Marko Mirić (Serbian Cyrillic: Марко Мирић; born 26 March 1987) is a Serbian veteran footballer who plays as a right winger, although occasionally as a striker or attacking midfielder. After years of professional football, he only recently came out of retirement to play for Divostin, who secured their promotion to the sixth tier of Serbian football.

On the national level, Mirić made his debut for Serbia in a November 2010 friendly match away against Bulgaria and earned a total of 3 caps (no goals).

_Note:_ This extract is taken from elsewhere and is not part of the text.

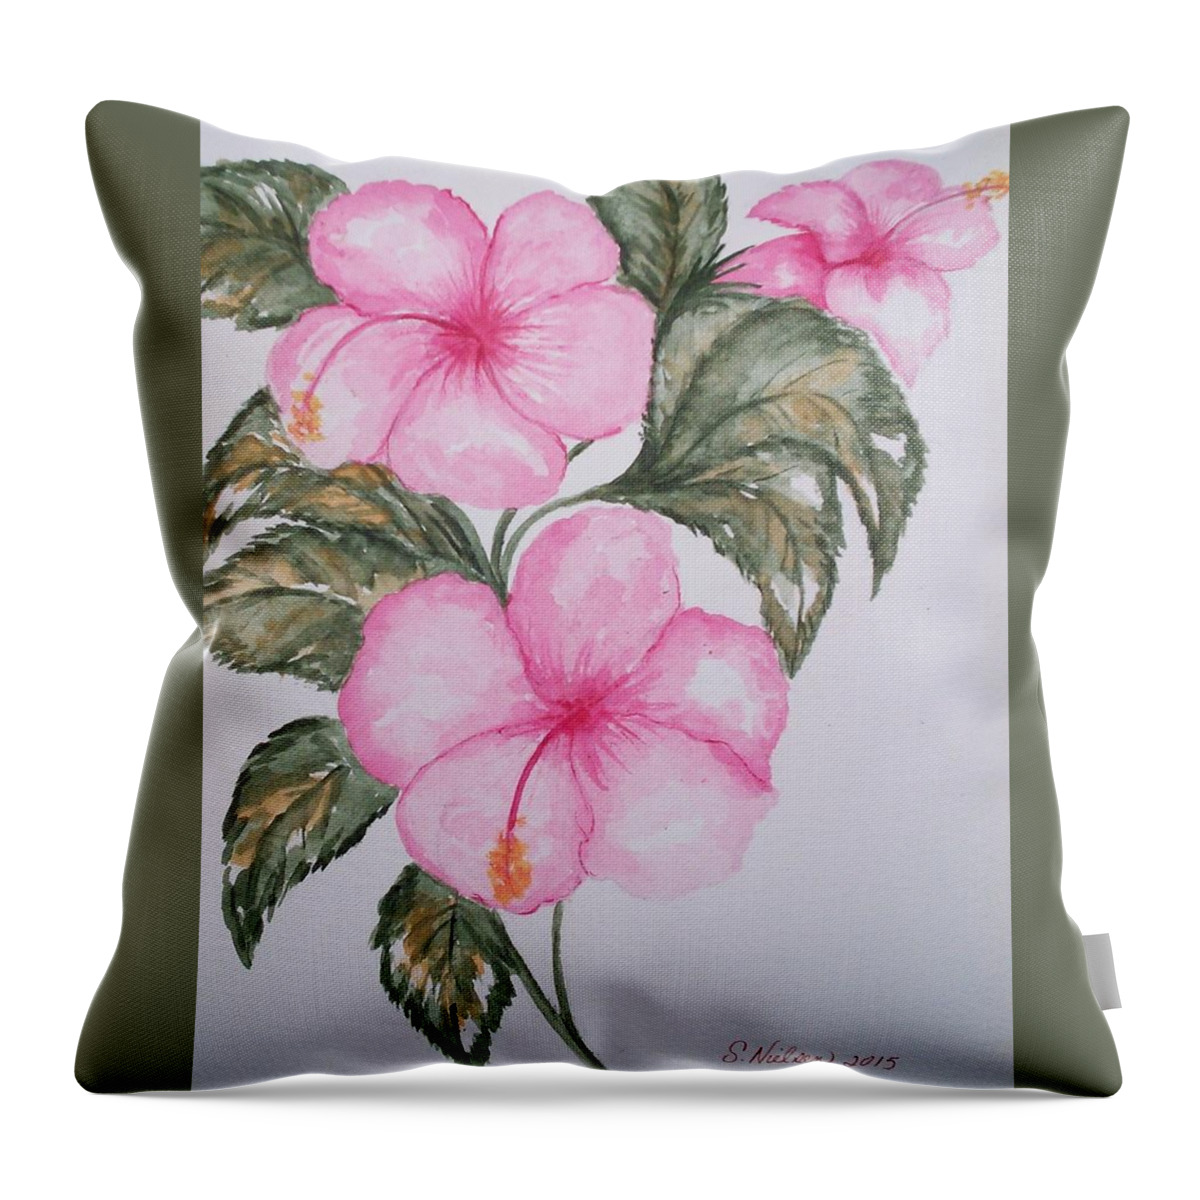 Hibiscus Throw Pillow featuring the painting Pink Hibiscus by Susan Nielsen

His final international was a June 2011 friendly against Australia.

==Coaching career==
A few months after retirement, he took on the Napredak Markovac managerial job, while they were sitting 12th in the table on 10 points after 9 games in. His first game in charge was against Budućnost Krušik, where his team drew 1-1 only in the 89th minute. He led the team until the end of the season, finishing in 11th on 38 points, averaging 0.86 points per game.